Nino exhaled, slowly moving until he was sitting directly on the ground, watching the fading bonfire in the distance.
“This is…this is a lot.”
“I never thought I’d have to tell you any of this,” Seitaro admitted quietly, still standing by his side. “By the gods, Kazunari, you’re a grown man. Half your lifetime has gone by with not a word from Prince Yukio. Kazuko and I hoped…we truly hoped this day would never come. We watched you grow up, wondering each and every day if it was our last with you. If Prince Yukio would come and take you away from us. But you grew. You turned ten, twenty, thirty…we assumed you were truly free.”
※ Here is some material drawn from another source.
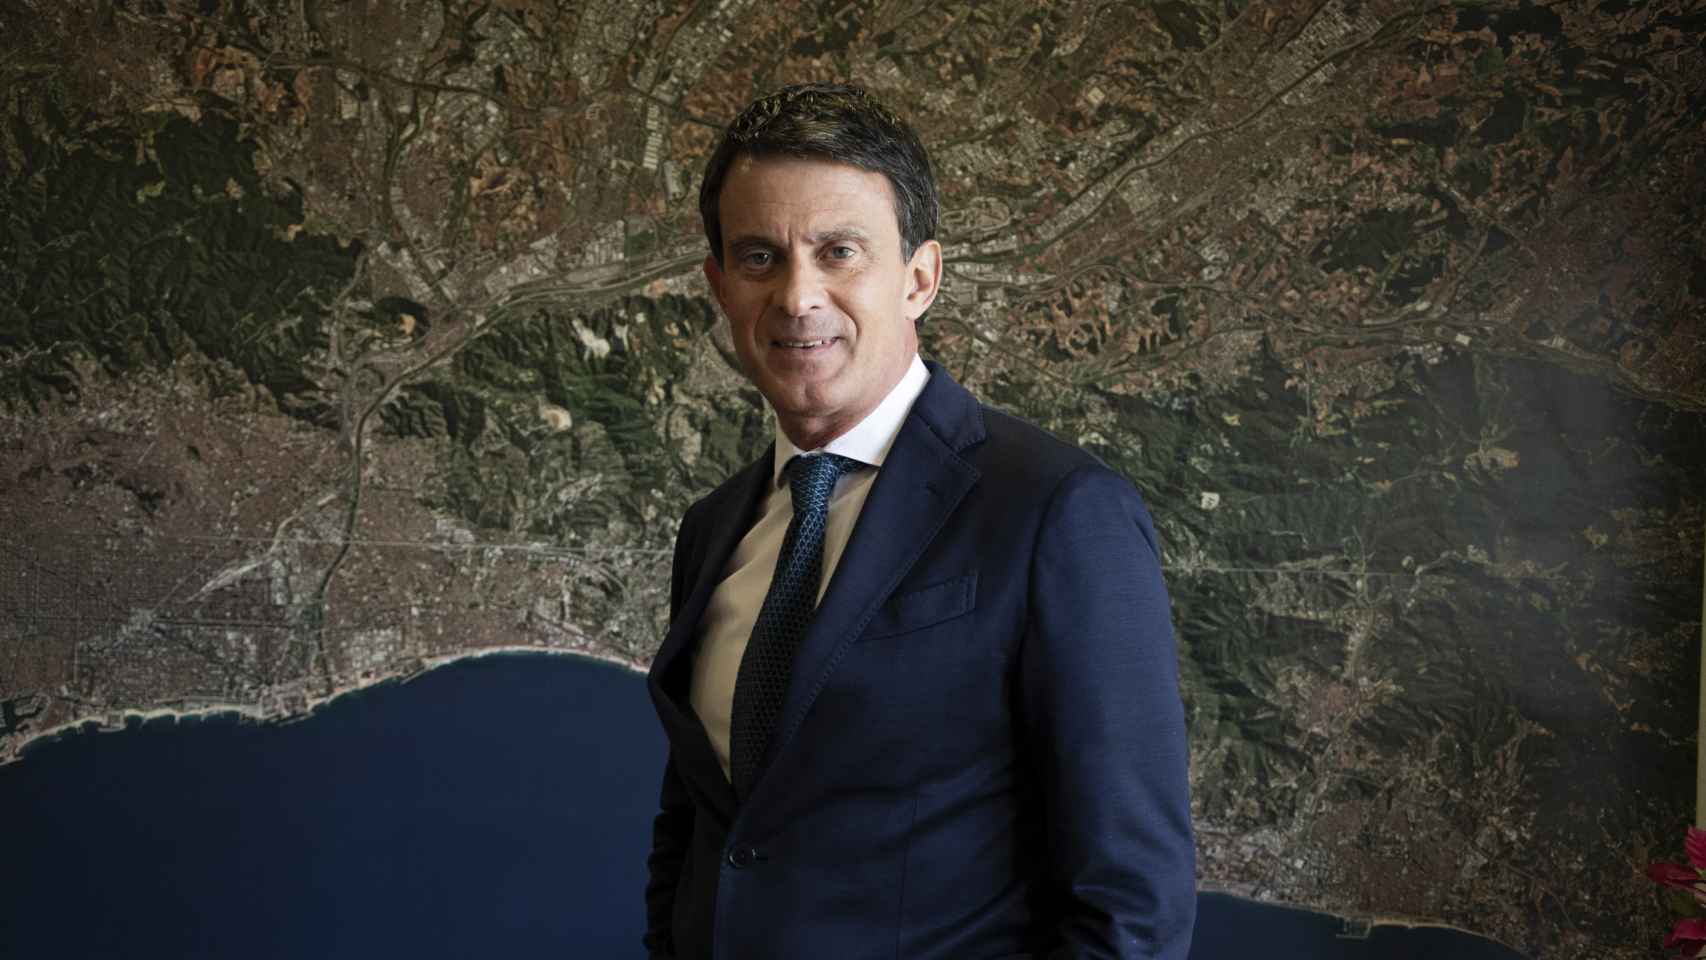 Manuel Valls, frente a una fotografía aérea de Barcelona en su oficina de campaña.

“Prince Yukio sent Sakurai Sho to find me so I might break the curse,” Nino said. “But even if by some miracle I can do that…what’s to stop the gods from destroying the Sun Kingdom anyway? What’s to stop them from immediately fleeing Amaterasu and going to their father and wiping us all out with a flood? What’s been done would obviously anger the God of the Waters whether his sons tell him what happened or if enough time goes by that he starts questioning their absence…” He took a breath. “Father, if I free them now, it might only bring the God’s punishment quicker.”
His father exhaled slowly. “Perhaps.”
He looked up, seeing a look on Seitaro’s face that he recognized easily, even in the sparse moonlight. Resolve. And acceptance.
“You think I should go. To Amaterasu,” Nino said.
“I became a Water Finder, the same as my mother, the same as my grandfather and great-grandfather. Other paths were before me, and yet I chose this one. My calling was to help, to be of use. Water Finding is not your calling, Kazunari. You were meant for bigger things.”
“I might be the same as Prince Jun,” Nino pointed out. “I might not be able to do anything. Then the curse only ends if Prince Jun or I die childless. Or I might have the powers you speak of, the power to break the curse. And when I break it, the God of the Waters retaliates. He wipes the Sun Kingdom out in seconds, and we all die. So either I’m completely useless or entirely too useful.”
He was surprised when Seitaro laughed.
“What’s so funny about our impending doom, whether it comes tomorrow or in centuries?”
He felt his father’s hand on top of his head, ruffling his hair as though Nino was still a boy. “You won’t bring about our doom, Kazunari.”
“You’re a fortune teller now?”
“No, but I know one thing for certain.”
“And that is?”
He shut his eyes, let his father stroke his hair.
“You’re my son. And I know that you will find a way.”